Wednesday, 4 June 2014

Coal India plans to constitute panel for overseas mines acquisition

In order to meet the rising domestic coal requirements, Coal India has planned to form a panel of consultants which would help it in acquiring, developing and operating coal mines overseas.
Coal India is eyeing coal assets abroad to meet the domestic demand. Earlier, Coal Ministry had stated that acquisition of coal mines overseas should be done in an aggressive manner to meet India’s rising energy requirements. Taking forward its plans to acquire overseas mines, CIL had recently invited bids for the third phase of drilling in the African nation. It had earlier invited bids from bankers and interested parties for acquiring assets abroad.

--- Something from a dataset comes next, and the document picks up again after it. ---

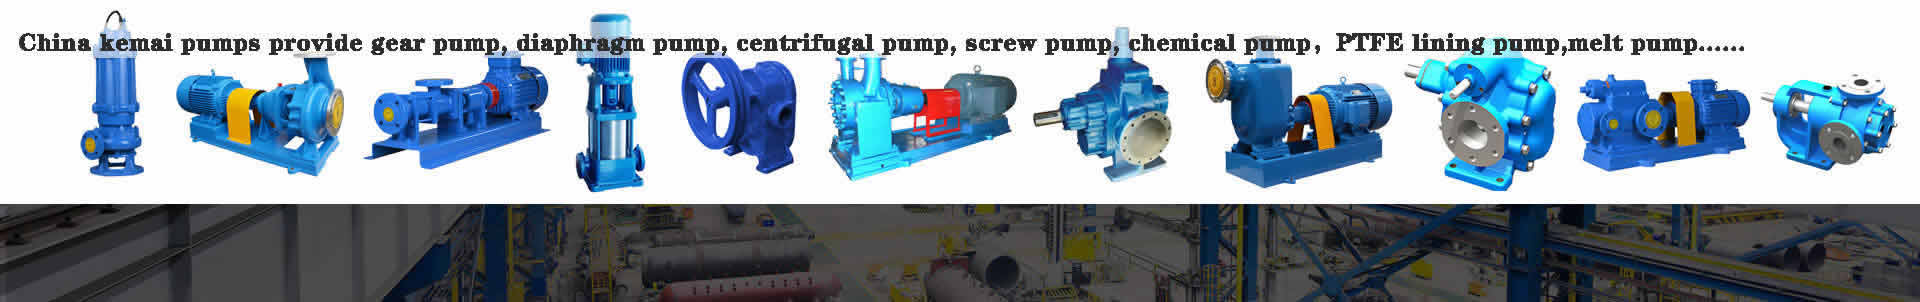 China Pump Manufacturers Suppliers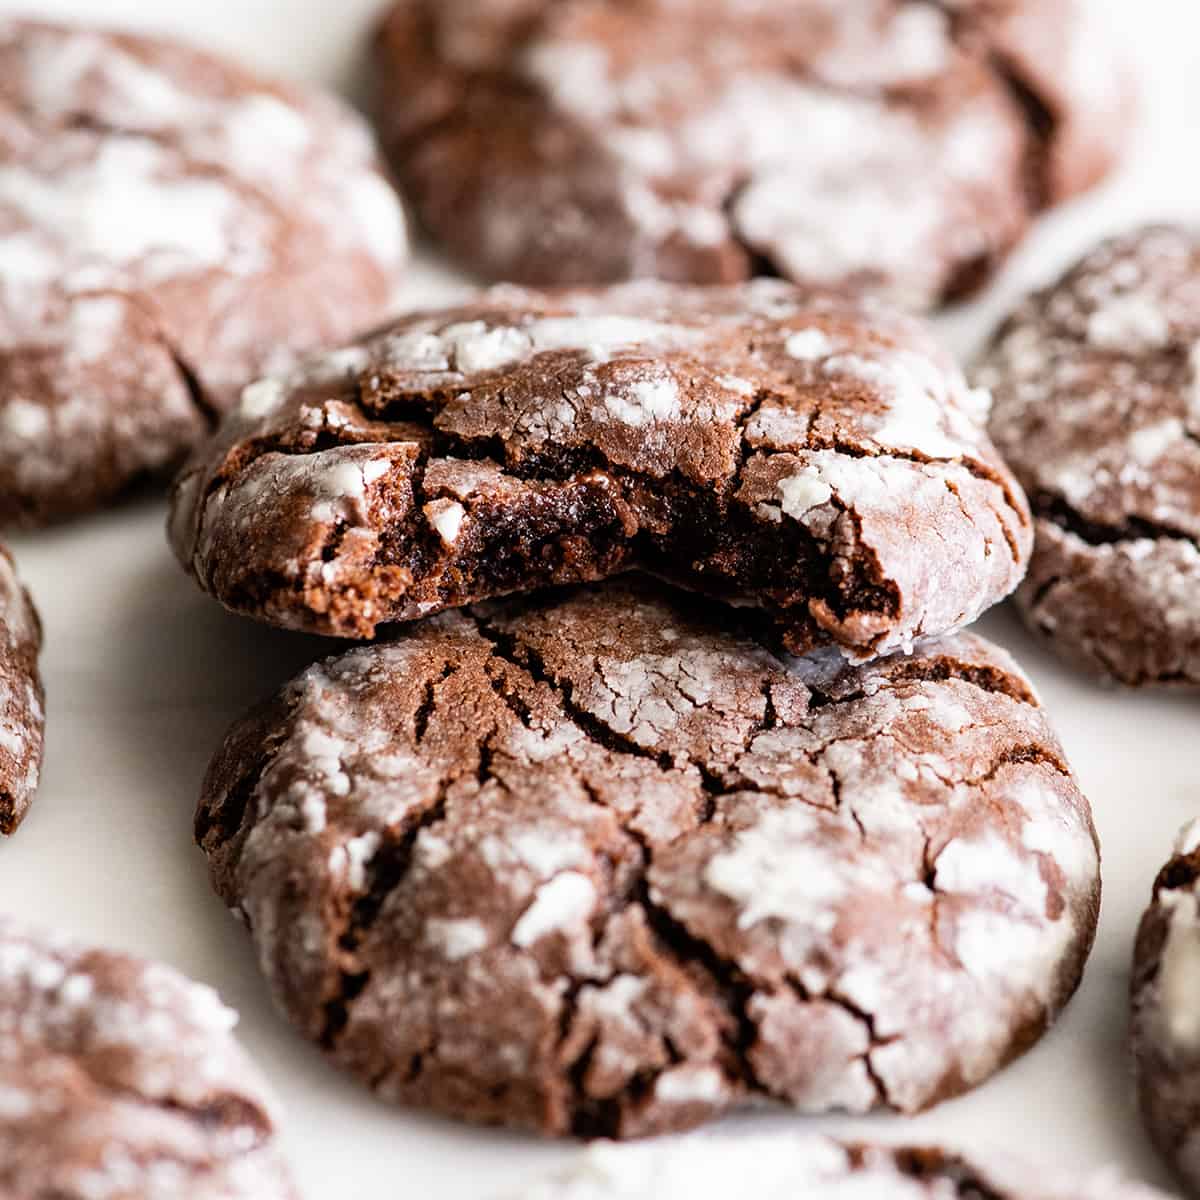 front view of a Chocolate Crinkle Cookie with a bite taken out of it

India, despite being world’s third-largest producer of coal and fifth largest in terms of reserves, has failed to keep pace with increasing domestic demand. Indian domestic coal demand is around 35 percent higher than domestic supply, resulting into a high deficit of which a huge part is being met by costly imports from Indonesia, South Africa and Australia. The country had imported a record 171 MT coal last financial year to meet domestic requirements. Meanwhile, to boost the domestic coal production, the government has planned to invite bids from private players to start coal mining in a public-private partnership (PPP) mode in the country, which would also end the monopoly of public sector unit Coal India.